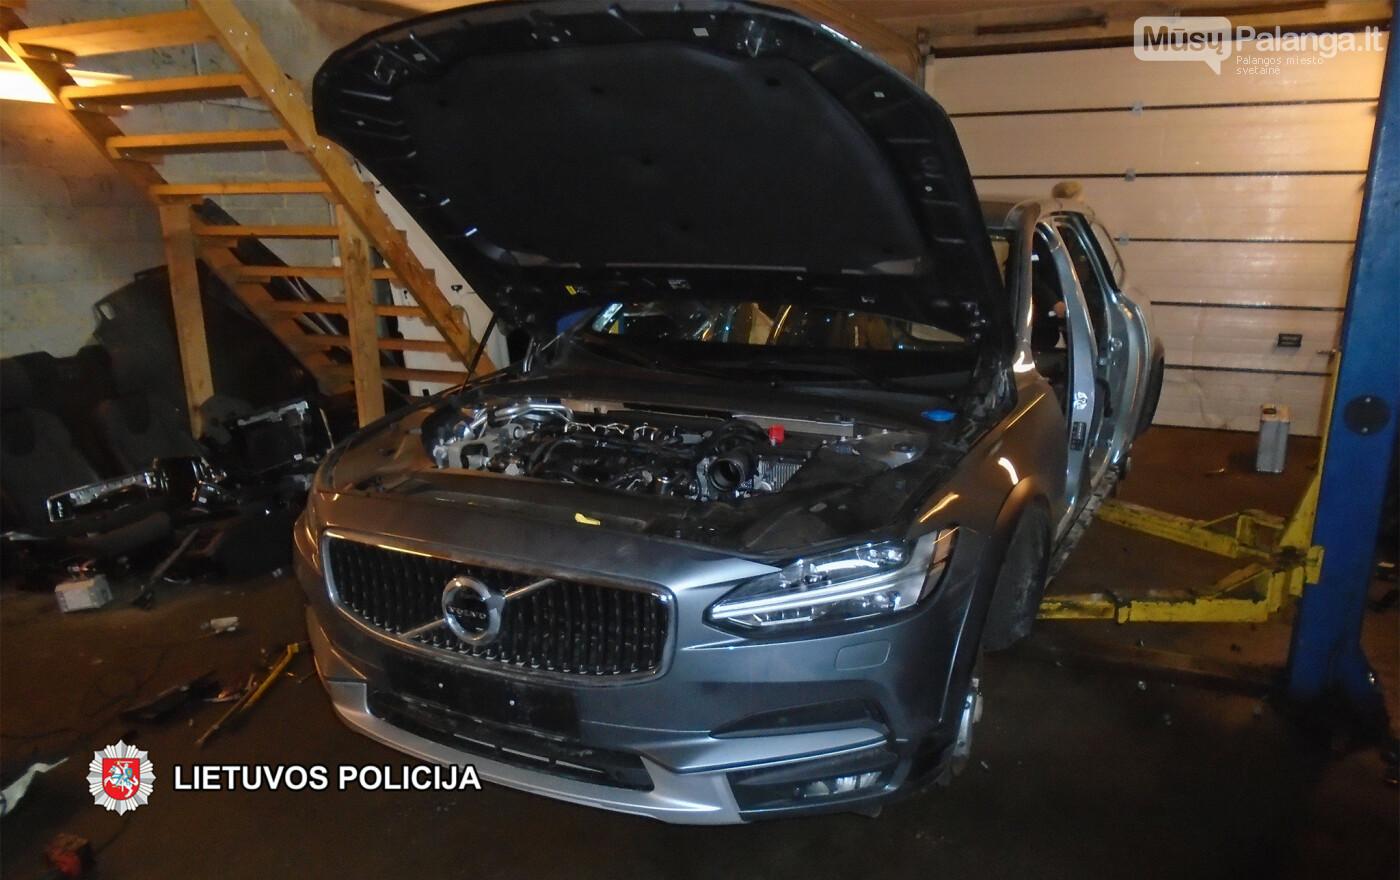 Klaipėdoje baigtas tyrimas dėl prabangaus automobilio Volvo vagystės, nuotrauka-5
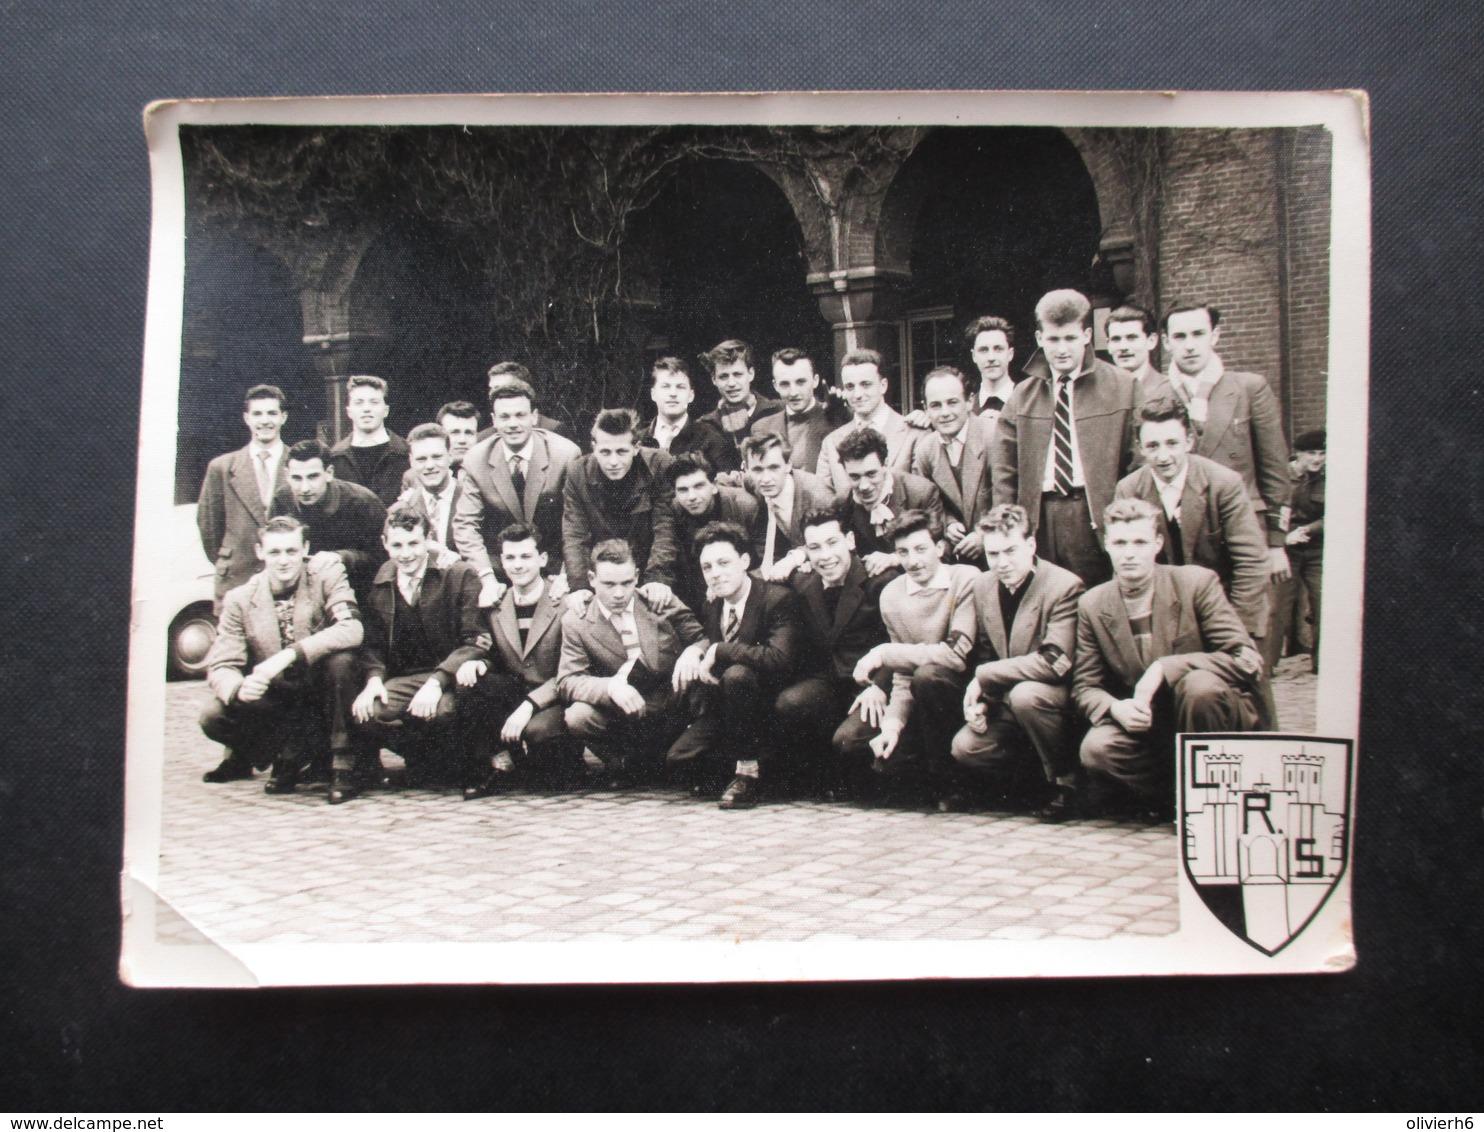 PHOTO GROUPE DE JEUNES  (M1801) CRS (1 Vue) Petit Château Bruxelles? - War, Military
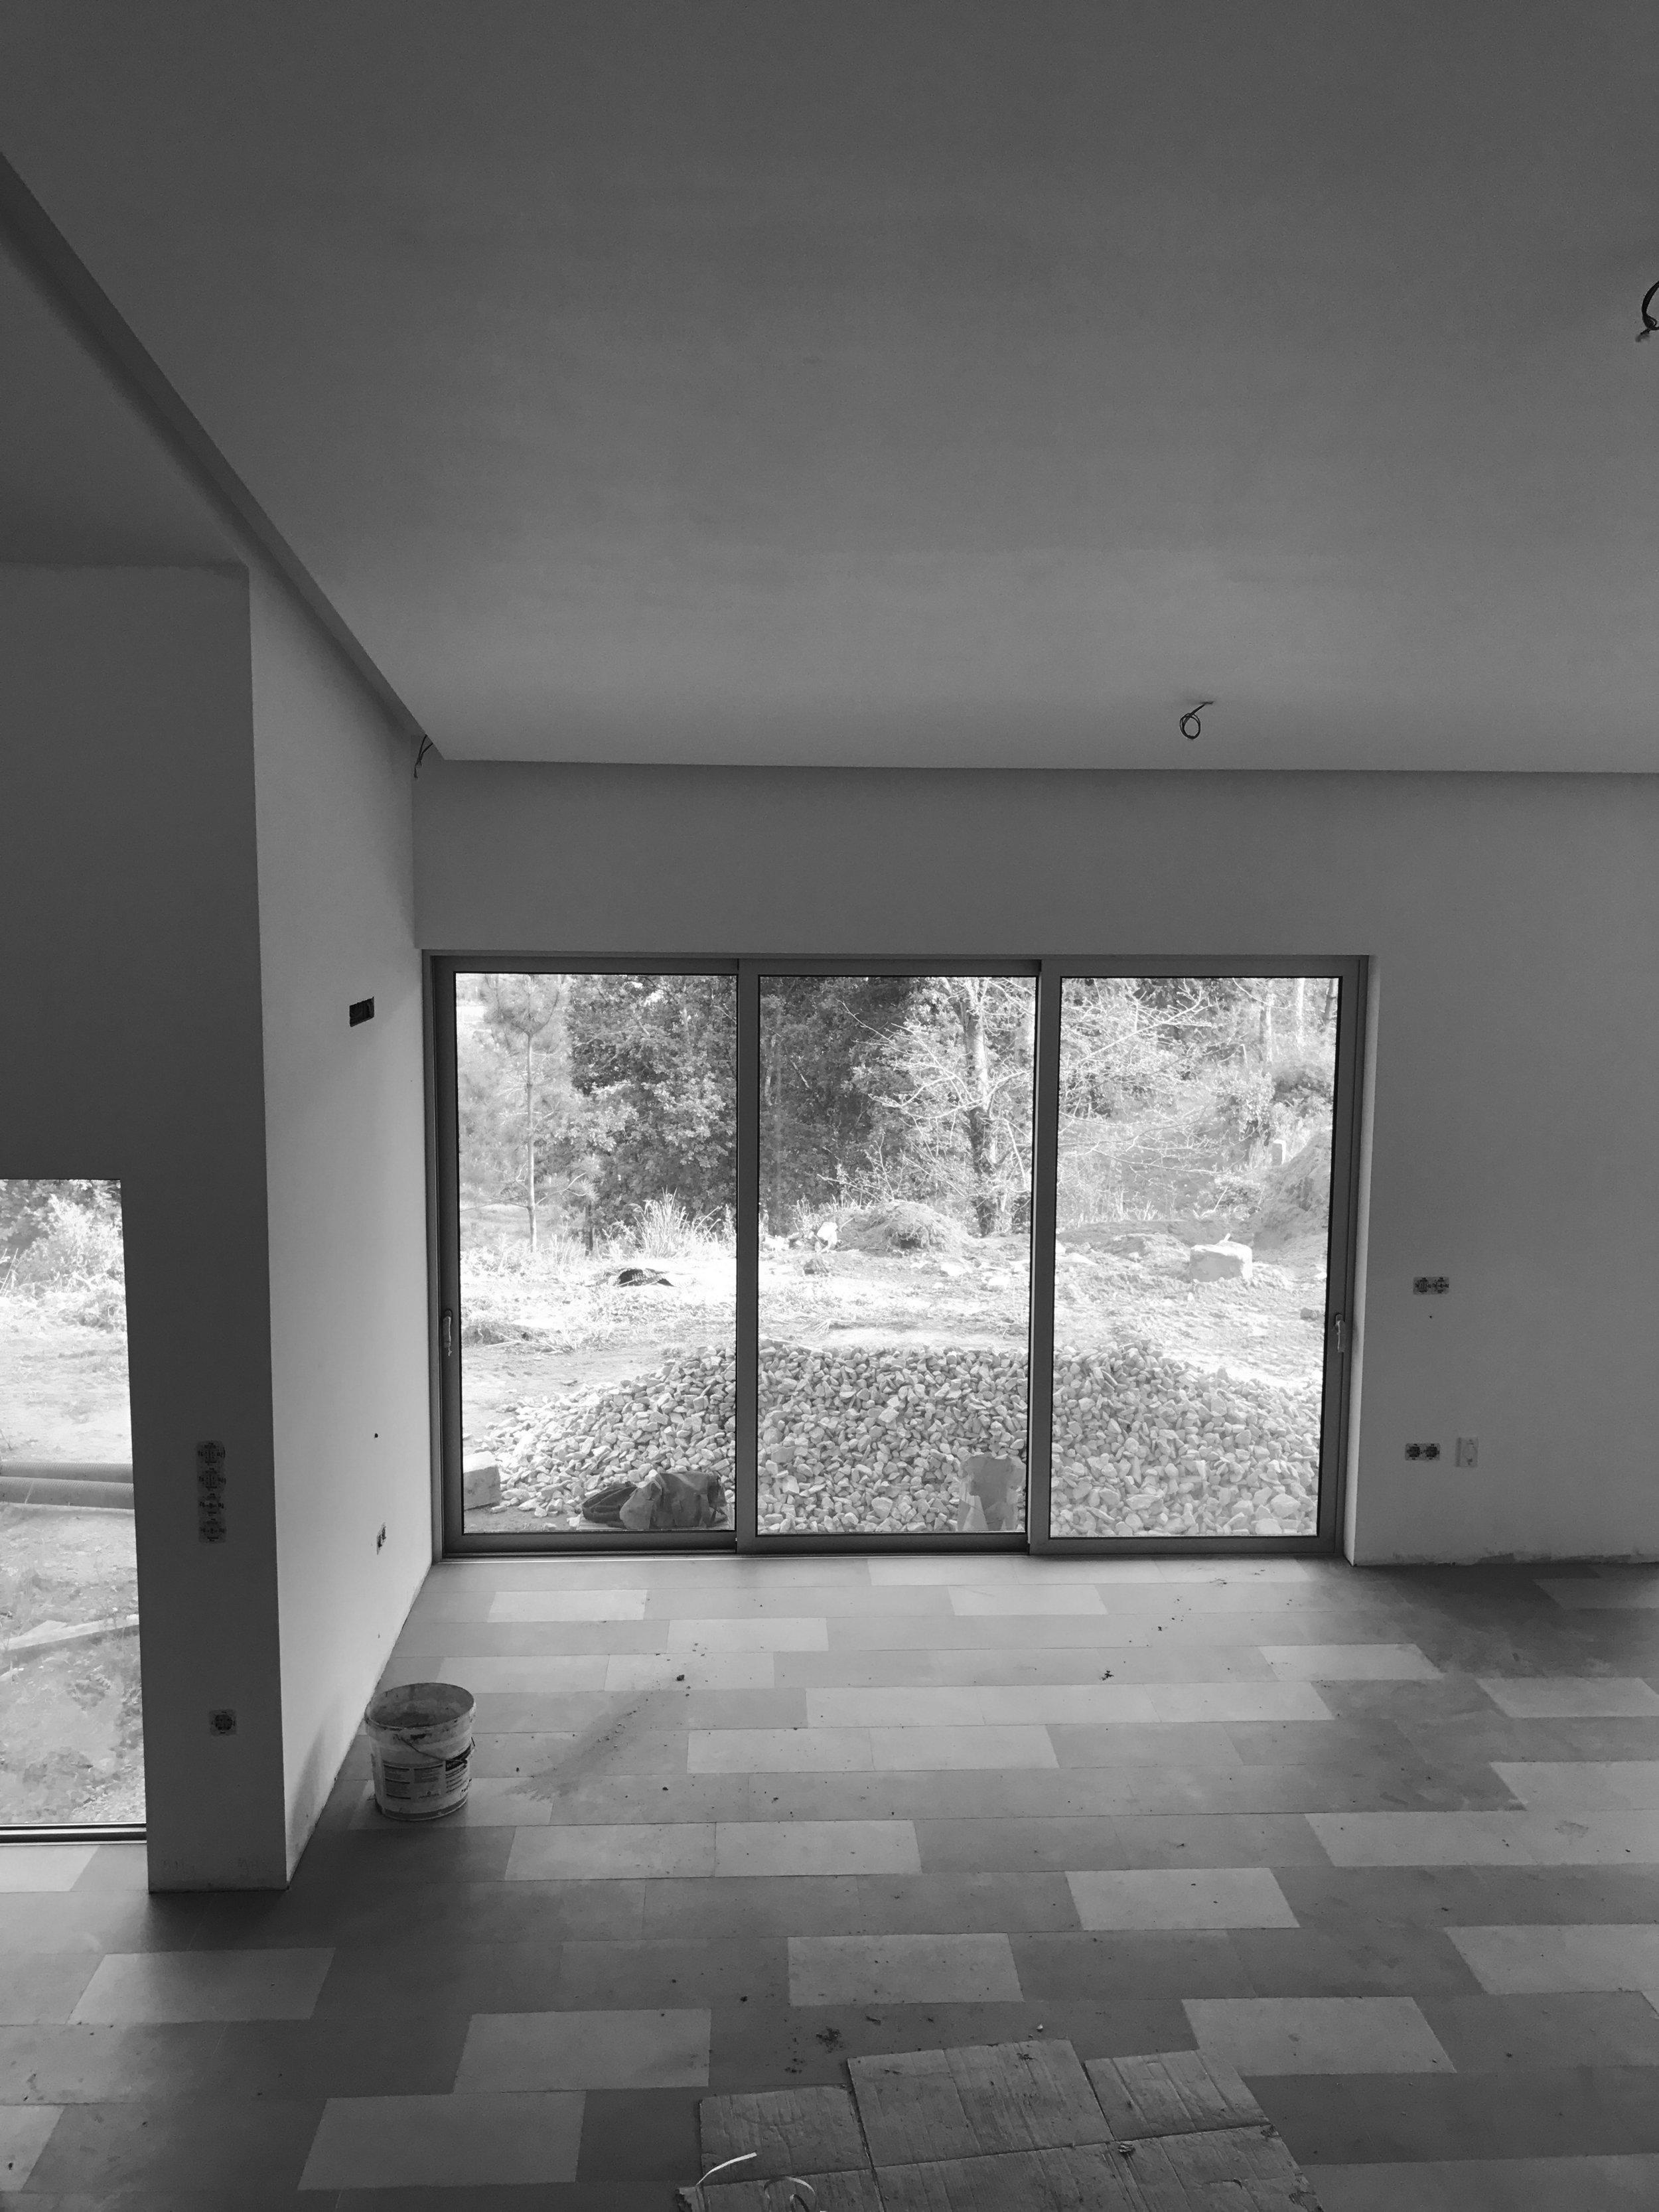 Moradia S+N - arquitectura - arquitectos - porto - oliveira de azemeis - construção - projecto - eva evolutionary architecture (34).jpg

• _TO DO_
An exact reproduction of the lines from the line containing "PHOTO GROUPE DE" through the end of the listing above is needed; pictures stay out.

• _WRITTEN RESPONSE_
 PHOTO GROUPE DE JEUNES  (M1801) CRS (1 Vue) Petit Château Bruxelles? - War, Military
 Moradia S+N - arquitectura - arquitectos - porto - oliveira de azemeis - construção - projecto - eva evolutionary architecture (34).jpg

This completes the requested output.